Several smaller hospitals across Chennai reported an acute shortage of oxygen supply on Friday night. TNM contacted three other hospitals who confirmed that they made distress calls to the Chennai Corporation on Friday to secure oxygen for their patients.

“We had to transfer out two COVID-19 patients from our ICU on Friday as they needed quite a lot of oxygen. Right now, we are unable to establish continuity in oxygen supply and we don’t want to risk patients’ lives,” says Dr AG Karthikeyan, Director of NRG Speciality Hospitals in Chennai. NRG Speciality Hospitals has a 4-bedded ICU ward and six oxygen supported  non-ICU beds, all of which are occupied by COVID-19 patients.

“We rely on oxygen cylinders at NRG and ideally, our ICU needs 8-9 full cylinders per day for continuous oxygen supply to sick Covid patients. But for the last two weeks we have been facing a shortage and it has become acute over the last three days,” Dr Karthikeyan explains. With the shortage persisting, NRG Hospitals plans to shift out one more COVID-19 patient to a bigger hospital by Saturday.

Over the last two days, doctors at a private hospital in Chennai’s Pulianthope have been urging relatives of their COVID-19 patients to look out for other ICU beds in the city. The hospital has only been receiving half of their liquid oxygen demand for a week now.

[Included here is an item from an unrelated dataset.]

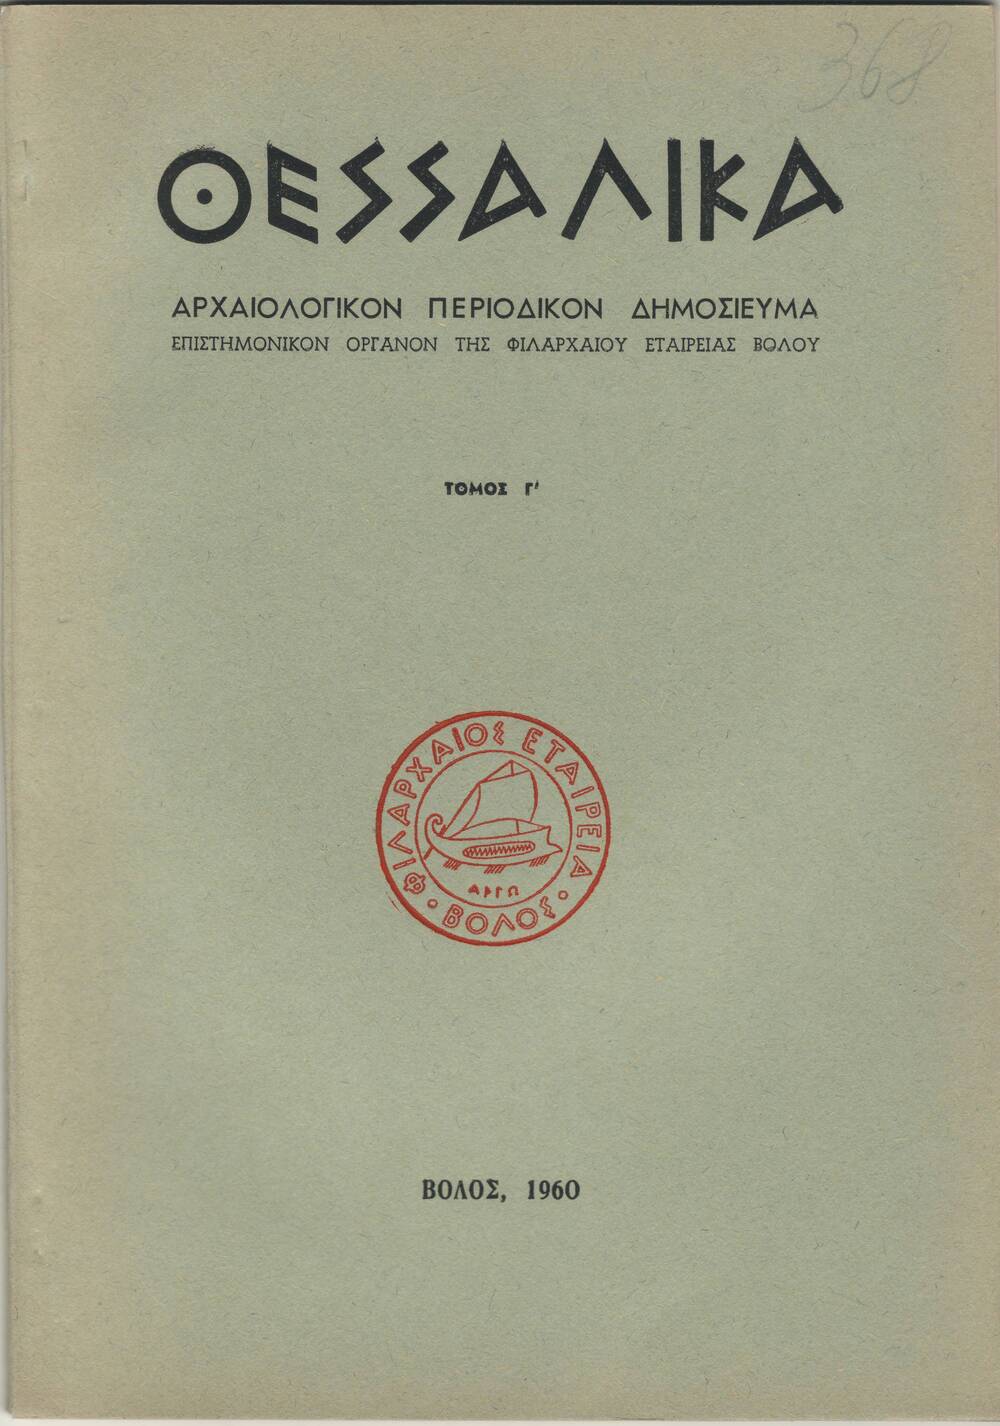 Журнал археологический на греческом языке, 1960 г.

“We require two tankers or 460 litres of liquid medical oxygen per day for the 8 ICU patients and others on oxygen support. For one week now we have only been getting one tanker of 230 litres of medical oxygen. It’s simply not enough and we are trying to shift our patients to other hospitals,” says Dr Richard*, who manages the ICU ward of the hospital. Dr Richard adds that they’ve dialled 104 and other helplines provided by the Greater Chennai Corporation but have been unsuccessful in securing more oxygen. “Our suppliers told us that there is a lot of demand and that is why they are not able to meet our requirements,” he adds. 

Chennai’s cylinder filling stations are also seeing long ‘waiting lists’ of individuals and hospitals for medical oxygen. 
 
“If we book cylinders today, there is a 3-4 day waiting period. We used to take our empty cylinders to the station and get them filled, but now there is a waiting list and we have to wait for many days,” says Dr AG Karthikeyan, adding that it is now next to impossible for the hospital to offer continuous oxygen support to its patients.

On contacting the Chennai Corporation, these hospitals are offered an ID number and the contact of a zonal drug inspector. The drug inspector is to coordinate oxygen supply to hospitals in his or her zone.

“The Corporation and the drug inspectors are responsive but the issue is that the city does not have enough oxygen stock. The drug inspector we spoke to gave us a list of contacts of oxygen suppliers near us.  These suppliers informed us that they have run out of oxygen or that there is a long waiting list,” Dr Karthikeyan says.

On May 12, Wednesday, the Union government informed the Madras High Court that it had increased liquid medical oxygen allocation to Tamil Nadu from 419 metric tonnes to 519 metric tonnes per day, under the National Oxygen Plan. 

The submissions were made to a bench led by Chief Justice Sanjib Bannerjee and Justice Senthilkumar Ramamoorthy. When the Chief Justice observed that the State’s requirement might go up to 800 metric tonnes per day, Additional Solicitor General R Sankaranarayanan said that he had discussed with officials on establishing oxygen generation plans in TN through the Defence Research and Development Organisation or DRDO.

The submissions were made after a letter by Tamil Nadu Chief Minister MK Stalin who wrote to the Union government on May 12, stating that the oxygen allocation to the state was insufficient.